As expected, GLI Finance (GLI) has announced measures to improve its balance sheet and help it to continue paying a 5p per share annual ordinary dividend and possibly provide additional funds to grow its loan book. GLI will seek shareholder approval to issue £20-40m of new zero dividend preference shares maturing in 2020 (2020 ZDP shares) and a potential issue of convertible unsecured bonds (CULS) to replace an existing loan facility. The EGM will take place on 21 December 2015 and the listing of the 2020 zeros on 22 December 2015.
The 2020 ZDP shares will mature on 21 December 2020 and will be subordinate to the existing issue of zeros (2019 ZDP shares). They will be issued with a gross annual return of 7.5% over their five-year life, higher than the existing zeros, which offer a yield of 6.5%, and the average market yield of zeros with a similar maturity issued by other companies, which is around 4.2%. The 2020 ZDP shares will be offered to existing ordinary shareholders and 2019 ZDP shareholders by way of an open offer and there will also be a placing. The proceeds will be used to pay down debt paying interest at 11% per year (currently £24.89m), with any excess invested in loans yielding around 10-11% per year sourced from GLI platforms.
GLI has an existing borrowing facility with an 11% interest rate and is seeking to replace this facility with a convertible bond issue at a lower interest rate. The CULS would be converted into new ordinary shares at a premium to the current share price.
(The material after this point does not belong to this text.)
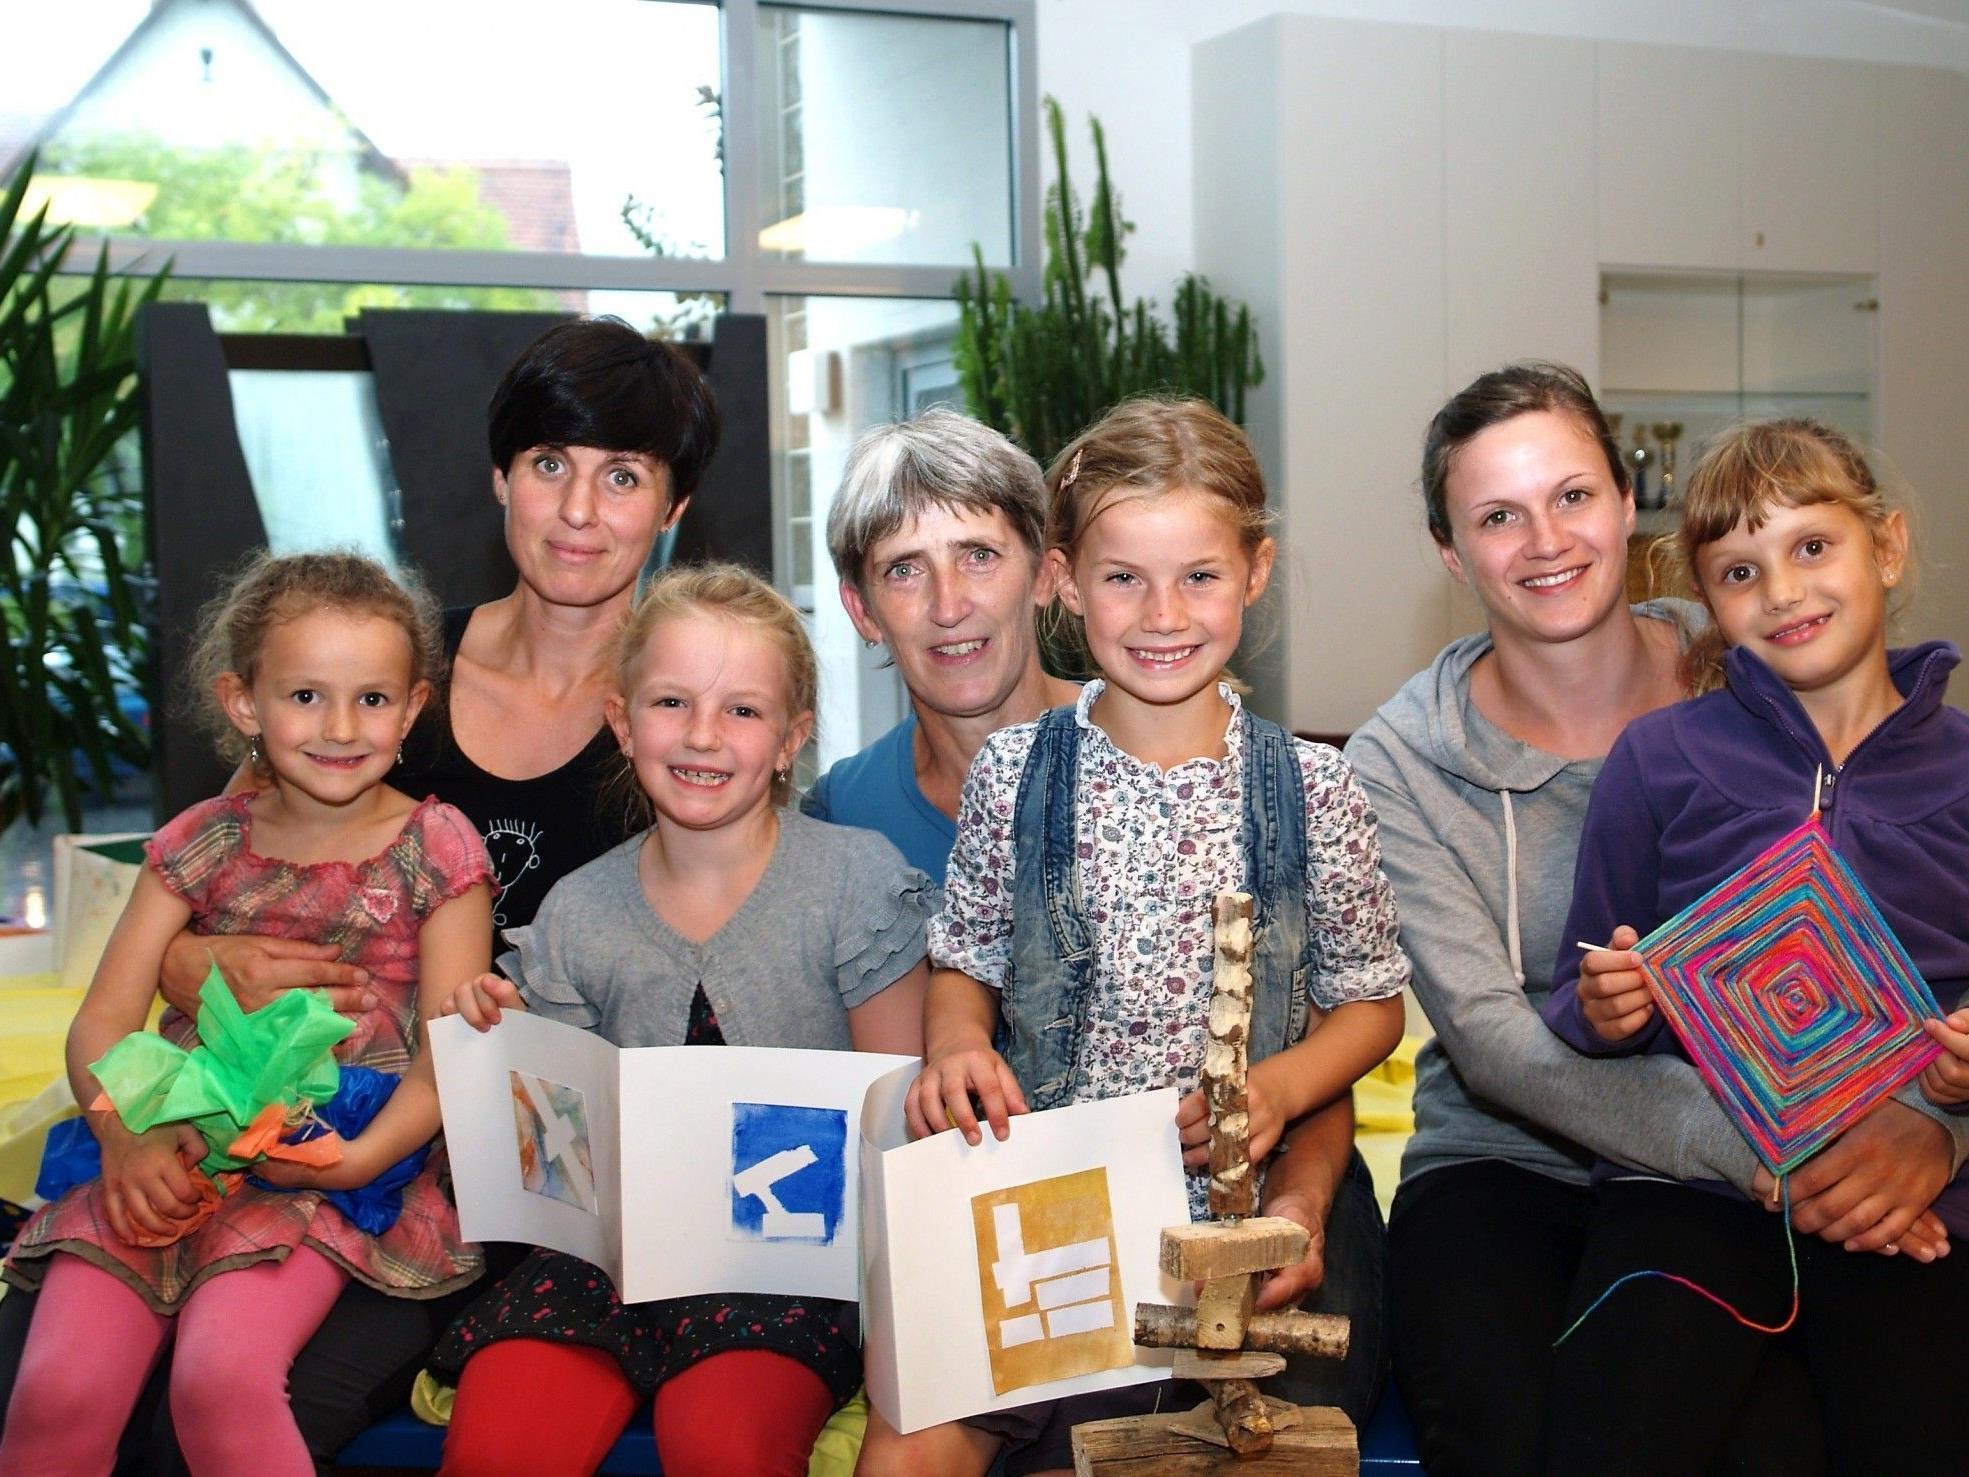 Irene Christof, Dorothea Ebner und Verena Dobler mit einigen Kindern bei der Abschlussveranstaltung.

GLI is seeking ordinary shareholder approval to disapply the pre-emption rights to increase its flexibility when making an issue of CULS.
GLI has stated its ambition to issue enough zero dividend preference shares, which do not pay interest, to fund its investment in alternative finance platforms, which do not currently produce dividends for GLI. An issue of £40m would bring the two into balance. We discussed this desire in more detail in our outlook note of 11 November 2015. The measures announced today are in line with those we envisaged in that note and included in our forecasts, which we will leave unchanged until the transactions are completed. To cover its dividend with cash, earnings GLI would need to remit dividends from its asset manager, together with platform investments. The shares offer a yield of 11%, a premium over the listed loan funds, which offer a yield of around 8%; in addition, there is the prospect of capital gains from GLI’s platform investments.